NCT ID: NCT04570696 Recruiting - Haemophilia A and B Clinical Trials

TFPI Levels in Haemophilia A and B Patients

Start date: July 1, 2019
Phase:
Study type: Observational

The goal of this study is to measure the TFPI plasma level, a molecule involved in the regulation of the coagulation system, in haemophilia patients. The second objective is to assess the effects of TFPI inhibition on thrombin generation. Indeed, there is sparse data on the physiological and pathological changes of TFPI levels in human and particularly in hemophilia patients. Yet, TFPI inhibitors may become one of the new by-passing treatments of haemophilia. Until now, published data mainly reports in vitro pharmacodynamics and pharmacokinetics of TFPI inhibitors. Hence, in vivo effects of TFPI inhibition remain unclear, especially in haemophilia patients. The clinical development of such molecules requires a dedicated biological monitoring. Thrombin Generation Assay (TGA) in Poor Platelets Plasma (PPP) is a good candidate since it is sensitive to Factor VIII and Factor IX deficiencies as well as to TFPI. However, TGA results are very dependent on experimental conditions (i. e. Tissue Factor and phospholipids concentrations) and the relationship between TFPI plasma level and TGA parameters has not been studied yet. This study should provide with original data on TFPI plasma levels and the effect of TFPI on thrombin generation in haemophilia patients. This should help to define the monitoring of TFPI inhibitors in Haemophilia.

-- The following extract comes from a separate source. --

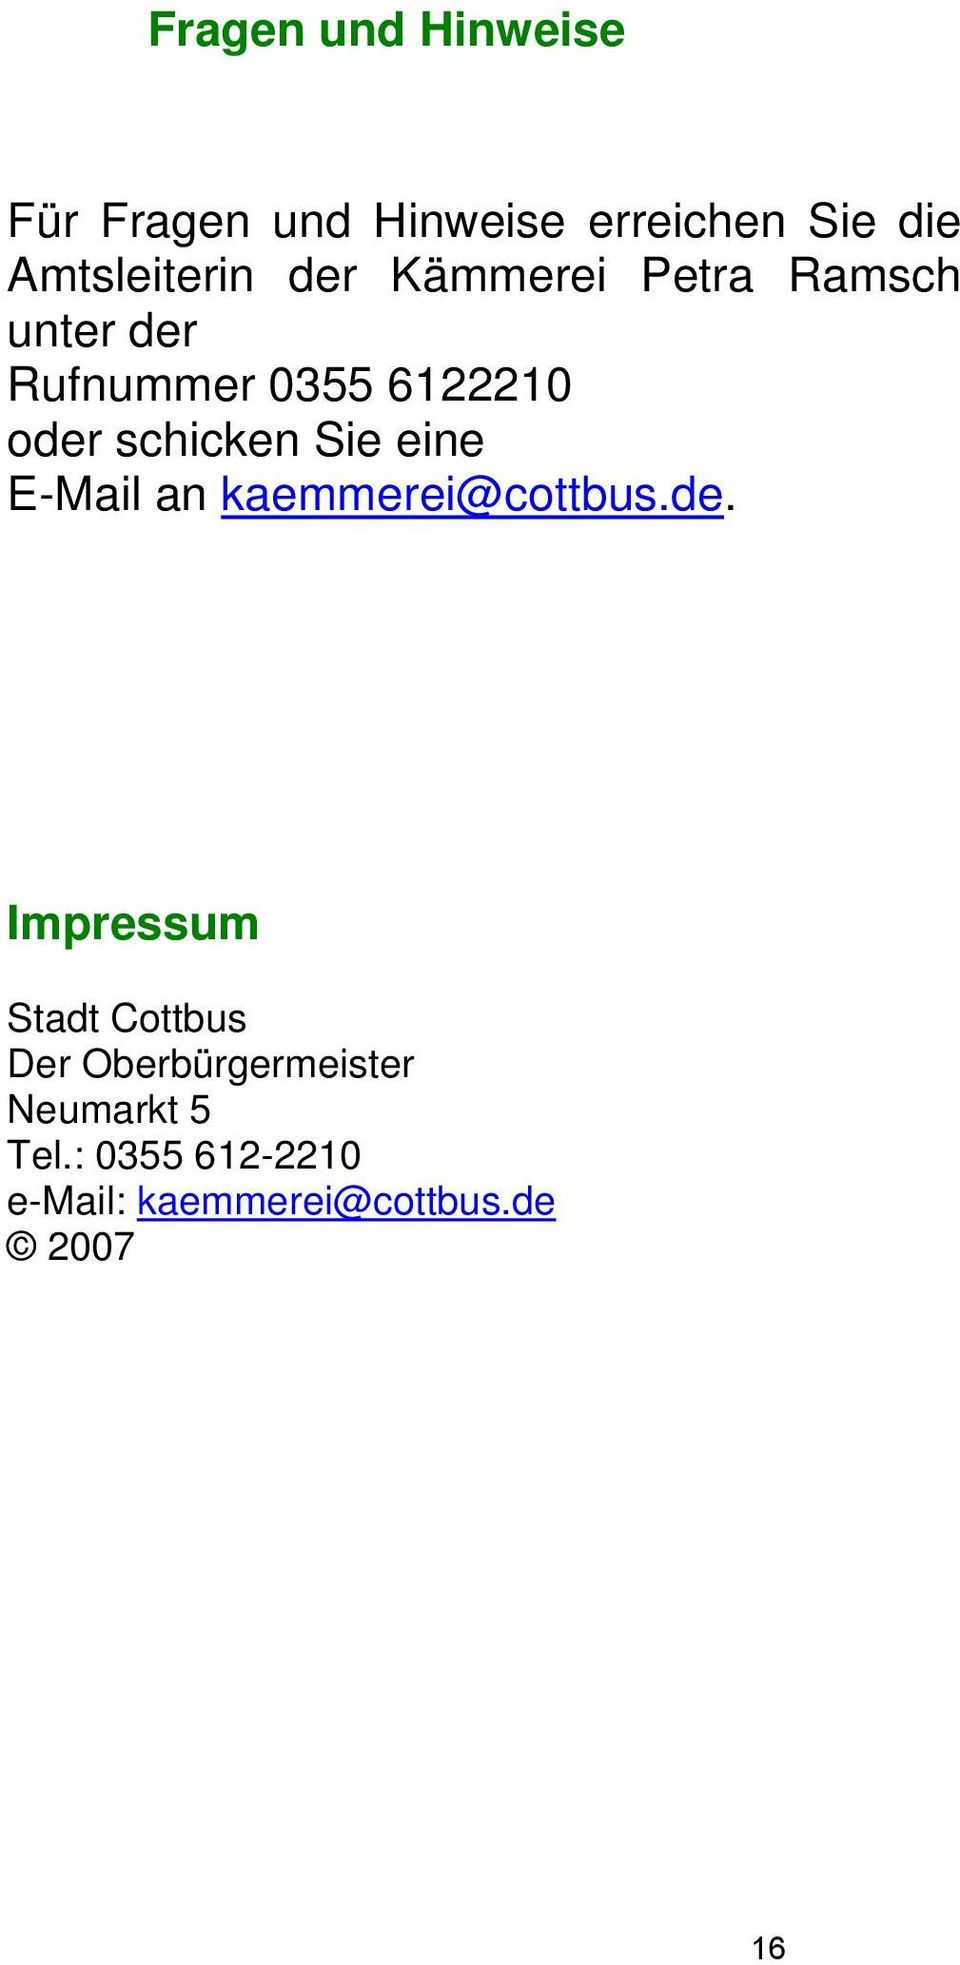 Sie eine E-Mail an kaemmerei@cottbus.de.

NCT ID: NCT04567511 Recruiting - Clinical trials for Factor VIII Deficiency, Congenital

Hemlibra in Mild Hemophilia A

Start date: July 25, 2022
Phase: Phase 4
Study type: Interventional

This is a single arm, phase 4, prospective, open-label, United States single-center study to determine the hemostatic characteristics of Hemlibra (emicizumab) as measured by coagulation laboratory parameters in the mild hemophilia A male patient population with endogenous altered FVIII (baseline FVIII activity of >5% to 30%). The safety and hemostatic efficacy of Hemlibra (emicizumab) in this patient population will be investigated. Secondary outcomes will assess changes in joint health and quality of life in treated patients.